### Task goal
Everything below from the line with "メンズ HAMILTON H38415731_8" to the last line, both included, is to be written out exactly, with nothing added.

BEGIN

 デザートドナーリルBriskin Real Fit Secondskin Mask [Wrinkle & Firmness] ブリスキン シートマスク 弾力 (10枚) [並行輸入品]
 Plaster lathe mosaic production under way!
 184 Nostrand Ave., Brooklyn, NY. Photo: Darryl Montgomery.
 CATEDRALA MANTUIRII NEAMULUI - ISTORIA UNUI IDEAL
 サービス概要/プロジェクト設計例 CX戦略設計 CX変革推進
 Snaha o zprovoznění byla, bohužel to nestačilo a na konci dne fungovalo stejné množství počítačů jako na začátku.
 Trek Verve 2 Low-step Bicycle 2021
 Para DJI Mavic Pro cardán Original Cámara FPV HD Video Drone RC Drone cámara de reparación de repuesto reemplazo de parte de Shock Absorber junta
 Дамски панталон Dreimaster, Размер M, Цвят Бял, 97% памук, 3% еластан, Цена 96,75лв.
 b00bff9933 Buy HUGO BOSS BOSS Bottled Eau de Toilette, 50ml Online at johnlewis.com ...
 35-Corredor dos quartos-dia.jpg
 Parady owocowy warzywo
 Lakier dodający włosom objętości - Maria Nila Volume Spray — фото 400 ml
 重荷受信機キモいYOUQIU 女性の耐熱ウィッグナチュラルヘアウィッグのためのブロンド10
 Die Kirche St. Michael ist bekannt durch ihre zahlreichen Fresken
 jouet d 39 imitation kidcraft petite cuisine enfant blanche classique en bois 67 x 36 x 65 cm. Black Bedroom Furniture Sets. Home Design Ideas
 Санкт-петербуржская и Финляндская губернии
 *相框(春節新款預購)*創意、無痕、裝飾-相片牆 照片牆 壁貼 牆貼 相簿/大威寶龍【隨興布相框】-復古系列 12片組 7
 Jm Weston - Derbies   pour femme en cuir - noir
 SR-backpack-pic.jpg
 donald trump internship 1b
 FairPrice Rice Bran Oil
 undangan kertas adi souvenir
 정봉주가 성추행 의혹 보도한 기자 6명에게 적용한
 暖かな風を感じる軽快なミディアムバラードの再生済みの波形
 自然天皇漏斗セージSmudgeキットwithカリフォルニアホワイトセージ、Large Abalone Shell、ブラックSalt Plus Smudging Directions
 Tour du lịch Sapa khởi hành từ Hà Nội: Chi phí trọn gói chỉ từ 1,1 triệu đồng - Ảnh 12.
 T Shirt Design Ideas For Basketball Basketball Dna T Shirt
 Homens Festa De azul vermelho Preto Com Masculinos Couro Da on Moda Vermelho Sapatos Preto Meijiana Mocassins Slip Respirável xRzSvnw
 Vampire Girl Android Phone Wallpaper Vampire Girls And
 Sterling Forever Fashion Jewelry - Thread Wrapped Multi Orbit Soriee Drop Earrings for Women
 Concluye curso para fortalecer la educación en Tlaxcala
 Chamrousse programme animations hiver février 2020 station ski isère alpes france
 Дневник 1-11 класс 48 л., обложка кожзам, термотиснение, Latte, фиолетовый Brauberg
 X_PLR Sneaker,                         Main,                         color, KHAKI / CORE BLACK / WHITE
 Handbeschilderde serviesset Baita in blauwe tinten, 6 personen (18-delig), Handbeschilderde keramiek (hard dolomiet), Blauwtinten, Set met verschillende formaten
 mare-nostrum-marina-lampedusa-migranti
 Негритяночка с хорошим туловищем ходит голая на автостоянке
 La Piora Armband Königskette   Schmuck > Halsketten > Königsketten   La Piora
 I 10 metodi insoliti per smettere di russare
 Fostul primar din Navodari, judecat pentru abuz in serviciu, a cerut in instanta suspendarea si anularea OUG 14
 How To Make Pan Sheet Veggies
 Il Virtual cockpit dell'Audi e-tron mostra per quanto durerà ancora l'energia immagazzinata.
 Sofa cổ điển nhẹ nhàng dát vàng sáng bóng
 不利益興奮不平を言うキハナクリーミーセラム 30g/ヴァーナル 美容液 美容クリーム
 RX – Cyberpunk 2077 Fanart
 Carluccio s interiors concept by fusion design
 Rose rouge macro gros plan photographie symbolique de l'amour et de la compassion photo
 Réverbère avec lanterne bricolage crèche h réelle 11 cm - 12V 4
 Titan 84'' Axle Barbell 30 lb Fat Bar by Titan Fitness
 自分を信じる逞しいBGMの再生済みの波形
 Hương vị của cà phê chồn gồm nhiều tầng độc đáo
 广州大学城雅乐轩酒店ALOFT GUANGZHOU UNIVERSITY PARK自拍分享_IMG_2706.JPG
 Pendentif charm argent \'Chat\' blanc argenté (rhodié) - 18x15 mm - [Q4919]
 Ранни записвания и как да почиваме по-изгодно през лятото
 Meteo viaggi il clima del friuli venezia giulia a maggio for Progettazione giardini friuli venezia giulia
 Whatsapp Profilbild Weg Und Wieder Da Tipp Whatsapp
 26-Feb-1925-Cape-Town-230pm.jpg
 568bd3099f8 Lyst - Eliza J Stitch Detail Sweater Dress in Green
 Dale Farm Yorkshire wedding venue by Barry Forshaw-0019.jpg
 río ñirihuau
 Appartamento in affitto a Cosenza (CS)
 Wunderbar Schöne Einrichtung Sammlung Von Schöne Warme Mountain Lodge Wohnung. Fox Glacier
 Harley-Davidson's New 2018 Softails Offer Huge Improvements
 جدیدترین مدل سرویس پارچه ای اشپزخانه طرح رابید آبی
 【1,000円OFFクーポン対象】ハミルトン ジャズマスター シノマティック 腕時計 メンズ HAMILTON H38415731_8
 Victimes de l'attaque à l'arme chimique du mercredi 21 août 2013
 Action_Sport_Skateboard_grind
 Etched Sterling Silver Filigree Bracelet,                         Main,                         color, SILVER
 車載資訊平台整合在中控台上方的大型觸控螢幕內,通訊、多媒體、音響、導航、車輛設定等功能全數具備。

END

### Exercise answer
 【1,000円OFFクーポン対象】ハミルトン ジャズマスター シノマティック 腕時計 メンズ HAMILTON H38415731_8
 Victimes de l'attaque à l'arme chimique du mercredi 21 août 2013
 Action_Sport_Skateboard_grind
 Etched Sterling Silver Filigree Bracelet,                         Main,                         color, SILVER
 車載資訊平台整合在中控台上方的大型觸控螢幕內,通訊、多媒體、音響、導航、車輛設定等功能全數具備。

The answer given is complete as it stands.